PROVIDED DATA:
# # # # #

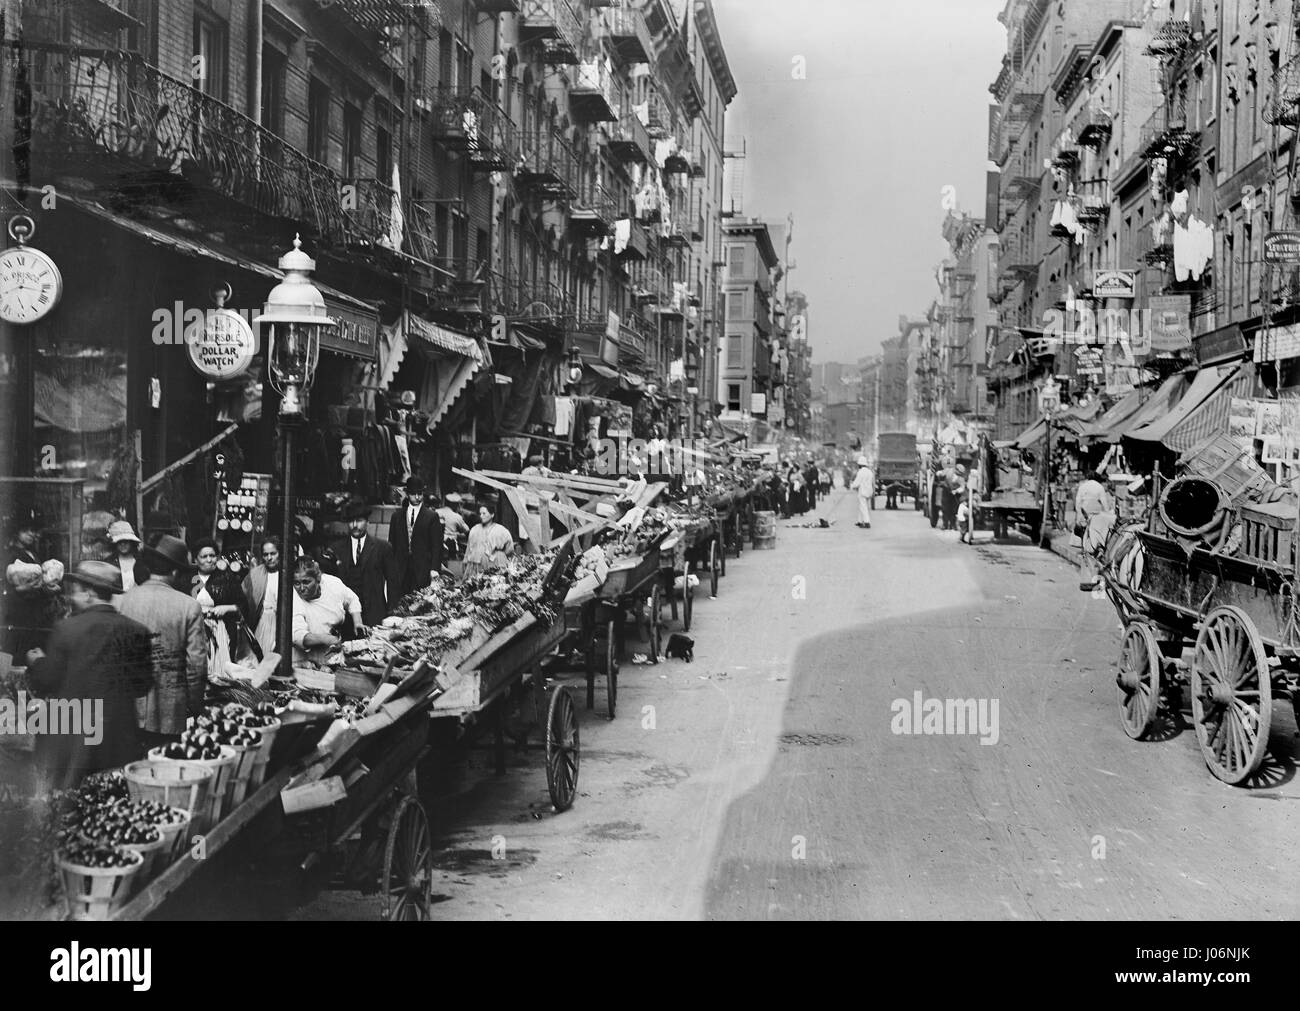 Italian Neighborhood with Street Market, Mulberry Street, New York City, New York, USA, Detroit Publishing Company, 1900 Stock Photo
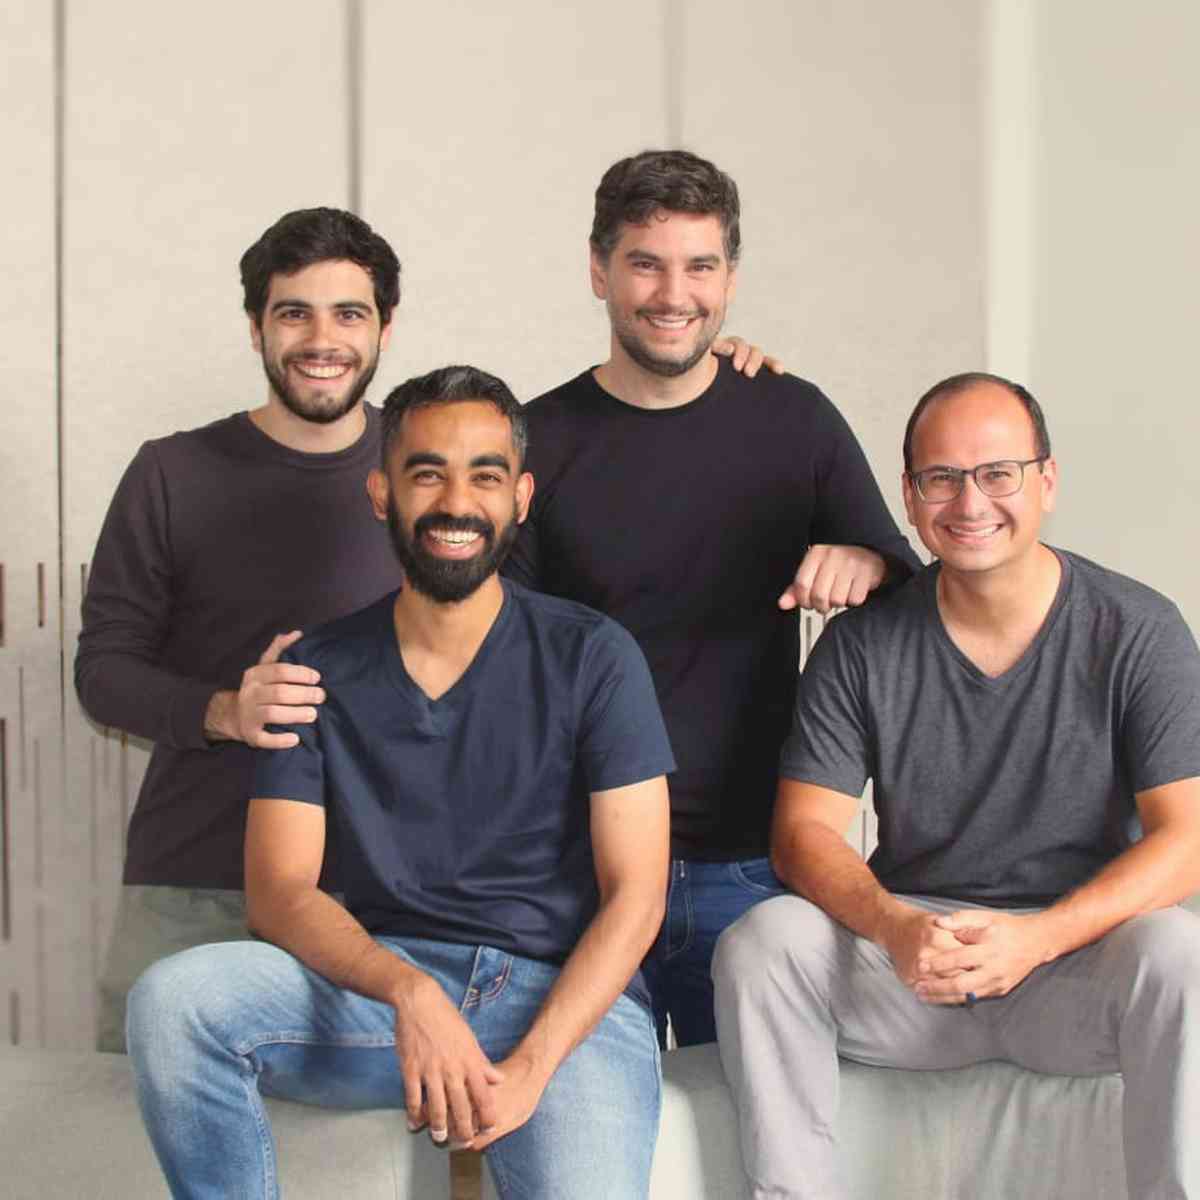 Donos da LOUD abrem startup de blockchain com investimento de R$ 50 milhões  - Millenium
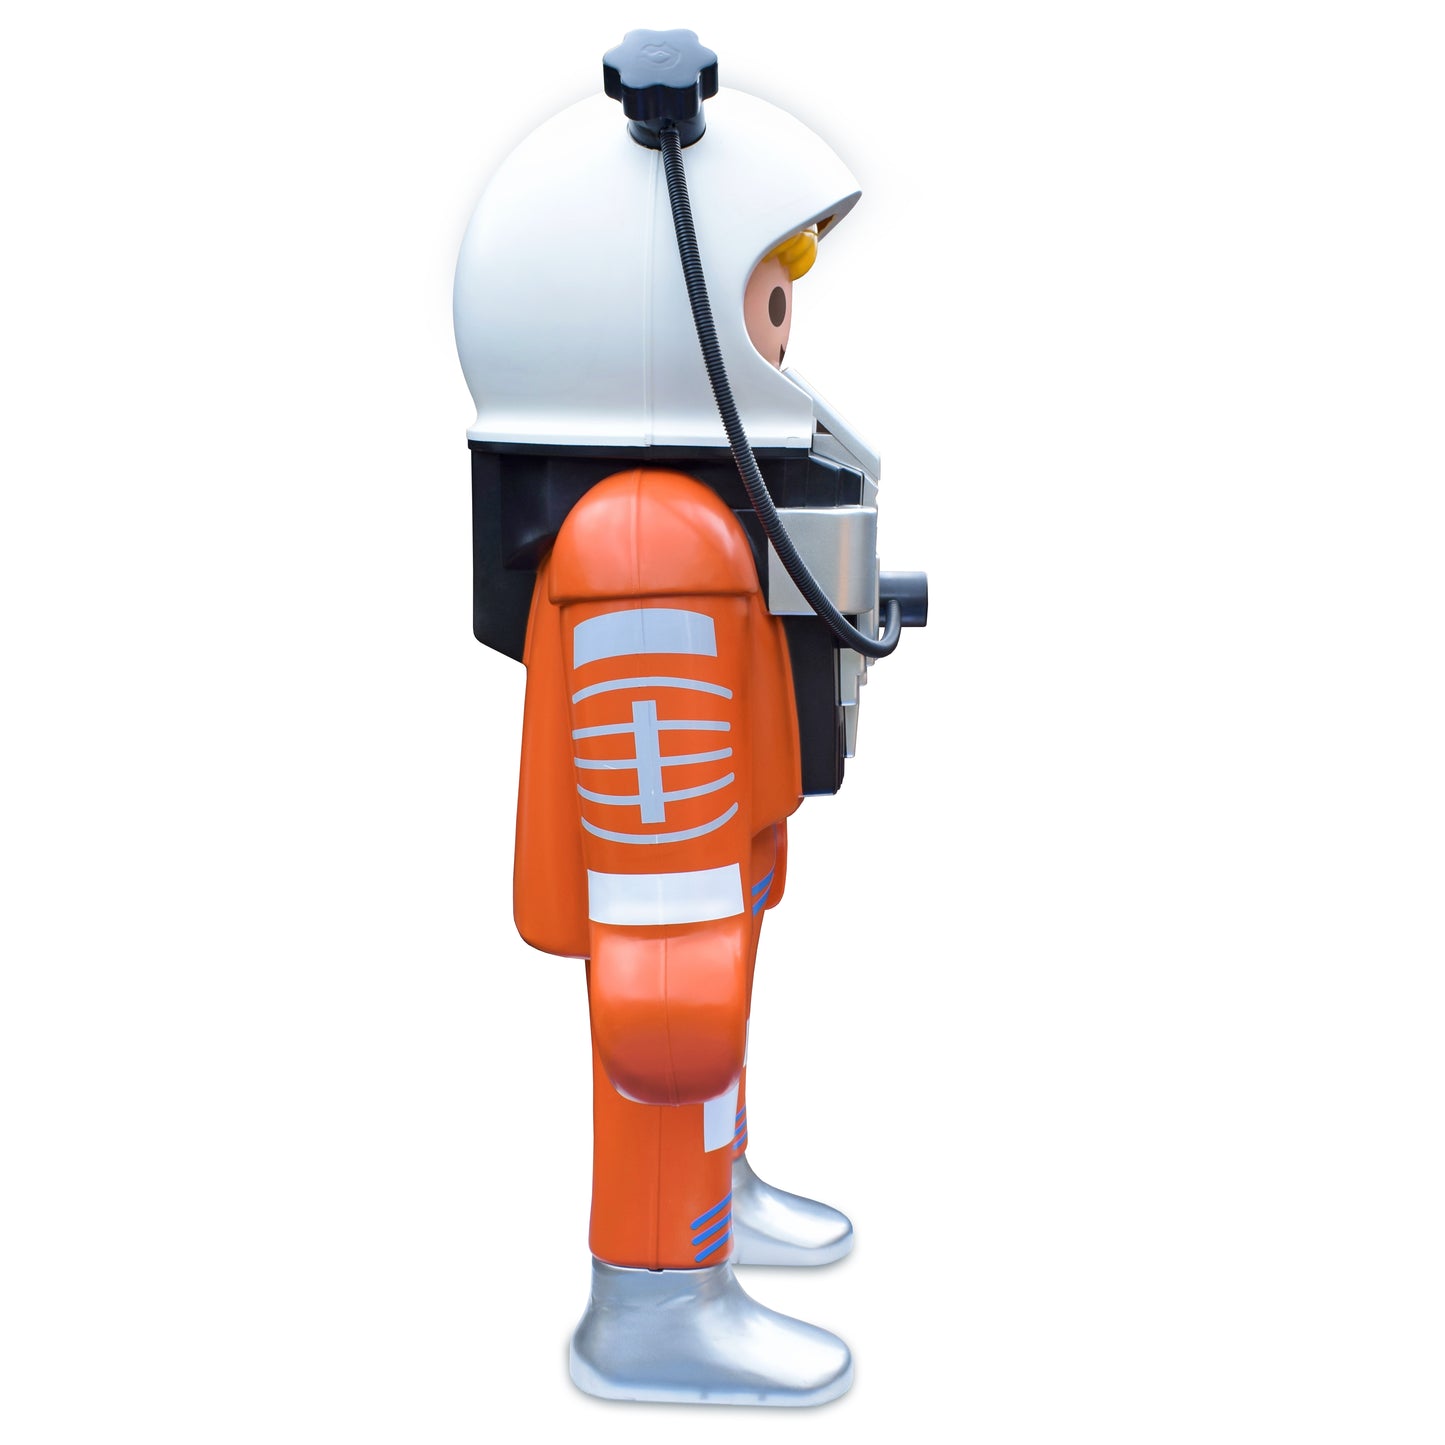 Retro, Kitsch Giant Playmobil Spaceman Shop Retail Figure - 5ft Height

# # # # #

TASK STATEMENT: If pictures appear, drop them, and retype exactly the lines from the "Donos da LOUD" line through the last line of the data above.

SOLUTION FOR THIS PROBLEM:
 Donos da LOUD abrem startup de blockchain com investimento de R$ 50 milhões  - Millenium
 Retro, Kitsch Giant Playmobil Spaceman Shop Retail Figure - 5ft Height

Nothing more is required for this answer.